Limitation of the effects of the annulment
32
The Council has asked the Court to limit the effects of a possible annulment of the decisions and the Parliament has not opposed
this request.
33
In this connection, the Court observes that if Decisions 93/323 and 93/324 were simply annulled, this would be liable adversely
to affect the exercise of the rights arising under them.
34
Account must also be taken of the fact that the Agreement expired on 30 May 1995.
35
In those circumstances, there are important reasons of legal certainty, comparable to those which arise where certain regulations
are annulled, which warrant the Court's exercising the power conferred upon it by Article 174(2) of the EEC Treaty where a
regulation is annulled and indicating the effects of the decisions which must be conserved.
36
In the specific circumstances of this case, all the effects of the annulled decisions should be conserved.
Costs
37
Under Article 69(2) of the Rules of Procedure, the unsuccessful party is to be ordered to pay the costs. Since the Council
has been unsuccessful, it must be ordered to pay the costs.
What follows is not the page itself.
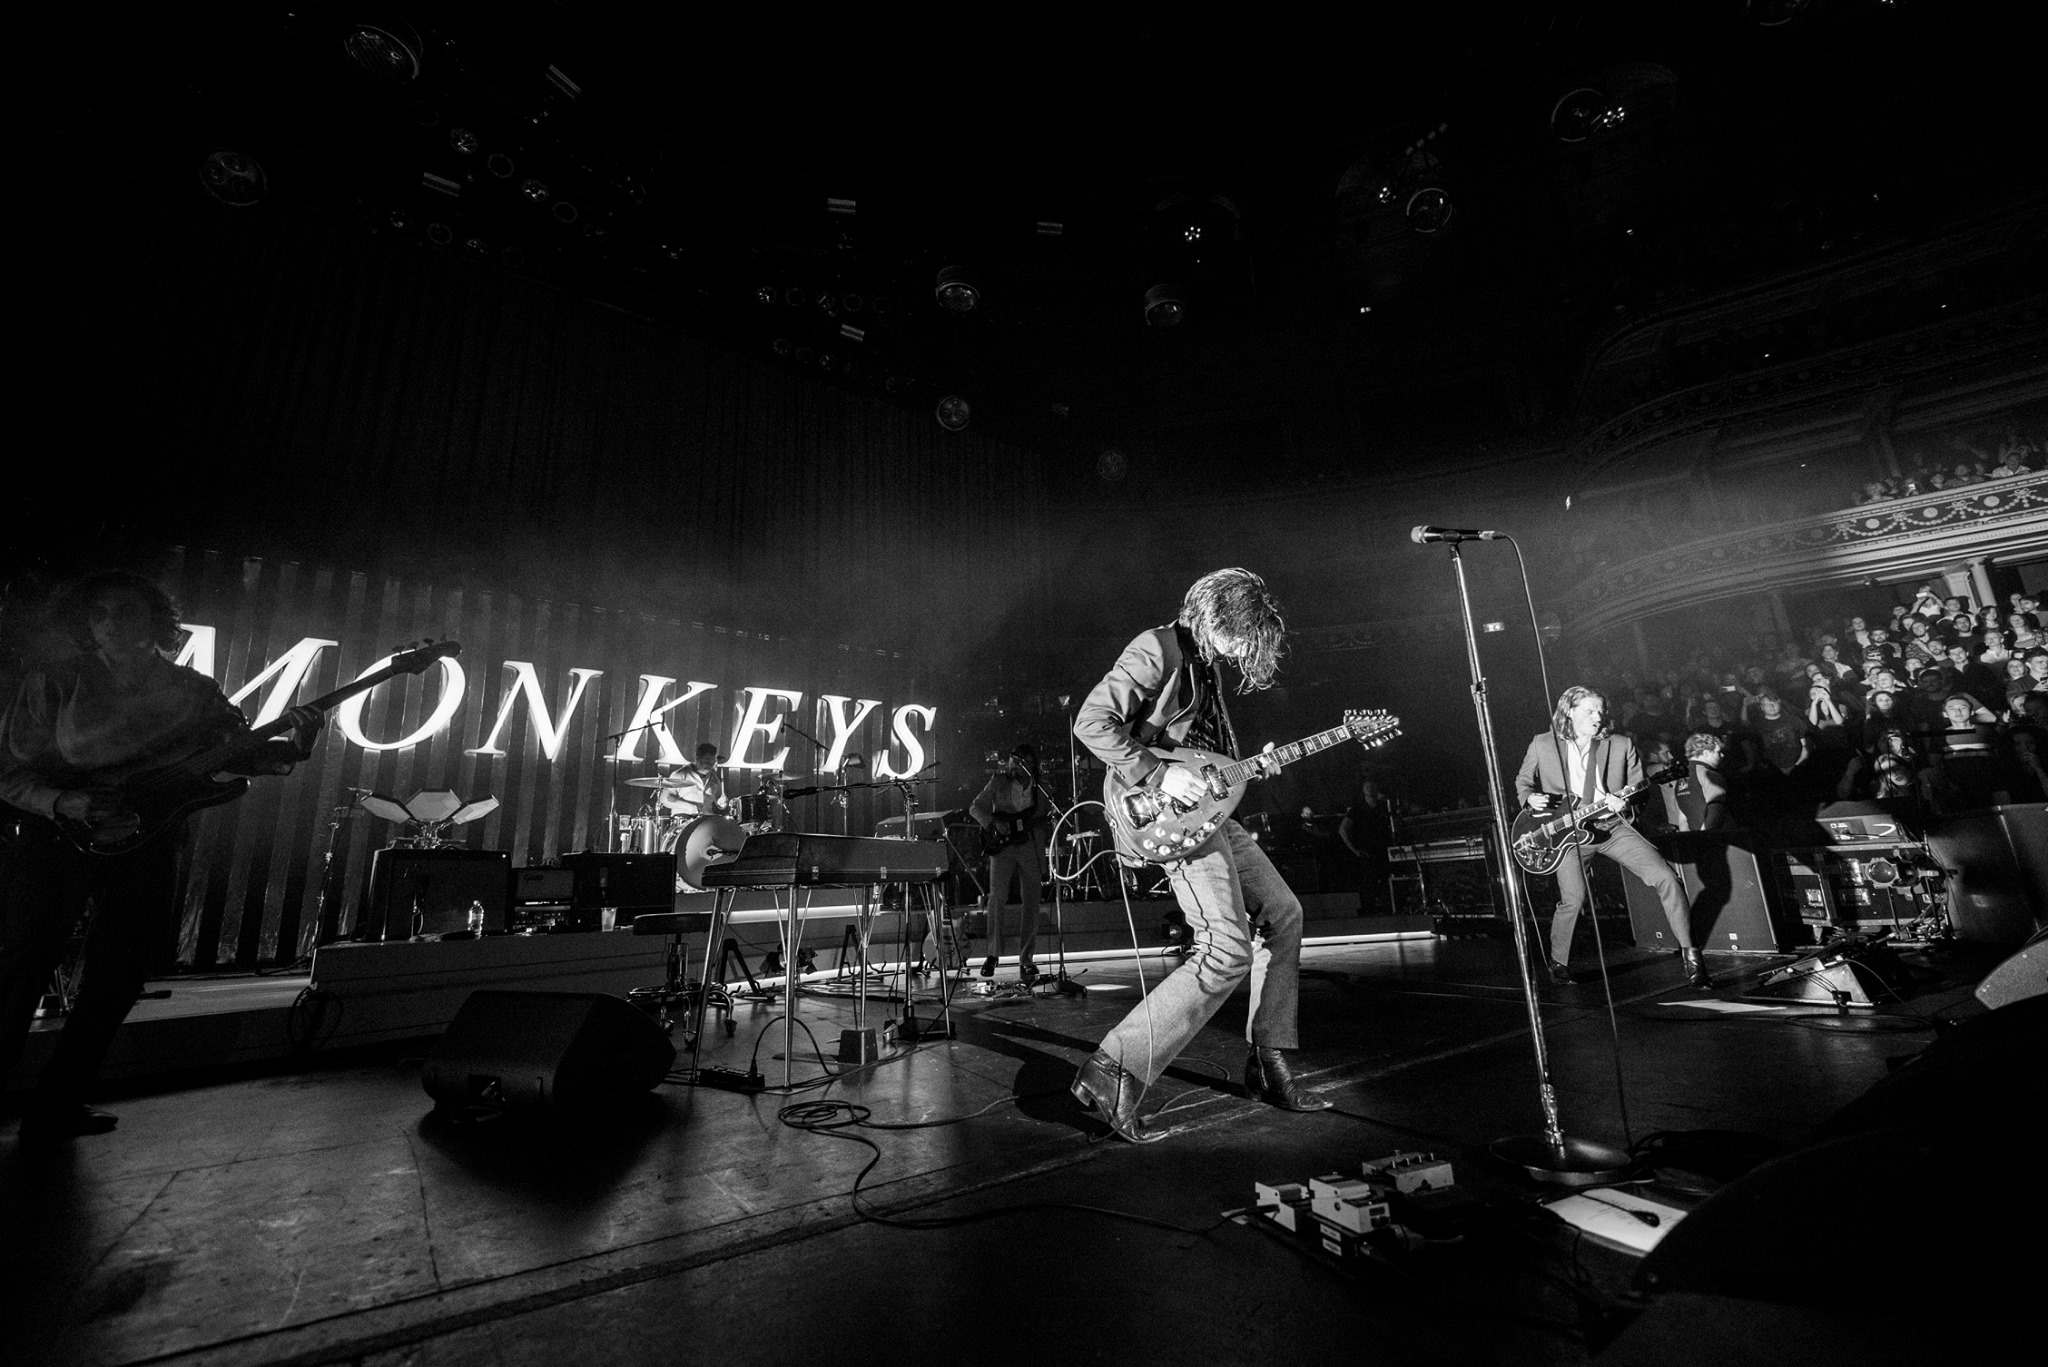 Arctic Monkeys add second Melbourne show due to overwhelming demand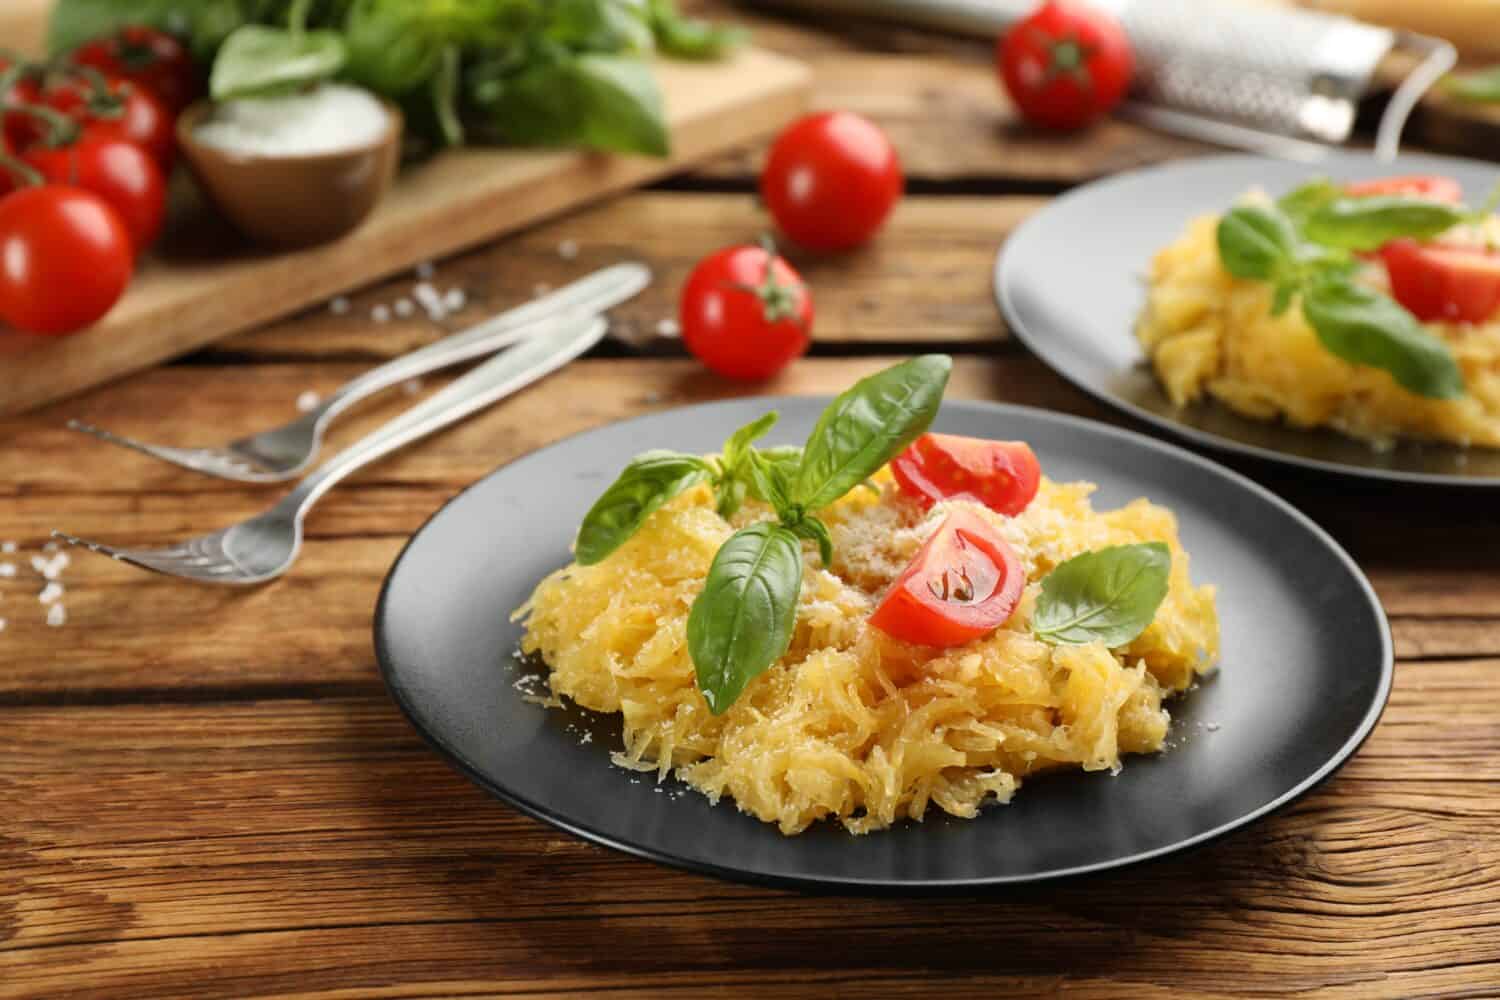 Tasty spaghetti squash with tomatoes and basil served on wooden table

In accordance with the first subparagraph of Article 69(4) of
those Rules, the Commission and the United Kingdom, which intervened in the proceedings, must be ordered to bear their own
costs.
On those grounds,
THE COURT (Sixth Chamber)
hereby:
1.
Annuls Council Decision 93/323/EEC of 10 May 1993 concerning the conclusion of an Agreement in the form of a Memorandum of
Understanding between the European Economic Community and the United States of America on government procurement and Council
Decision 93/324/EEC of 10 May 1993 concerning the extension of the benefit of the provisions of Directive 90/531/EEC in respect
of the United States of America;
2.
Maintains in force the effects of the annulled decisions;
3.
Orders the Council to pay the costs;
4.
Orders the Commission and the United Kingdom to bear their own costs.
Kakouris
Mancini
Schockweiler
Kapteyn
Murray
Delivered in open court in Luxembourg on 7 March 1996.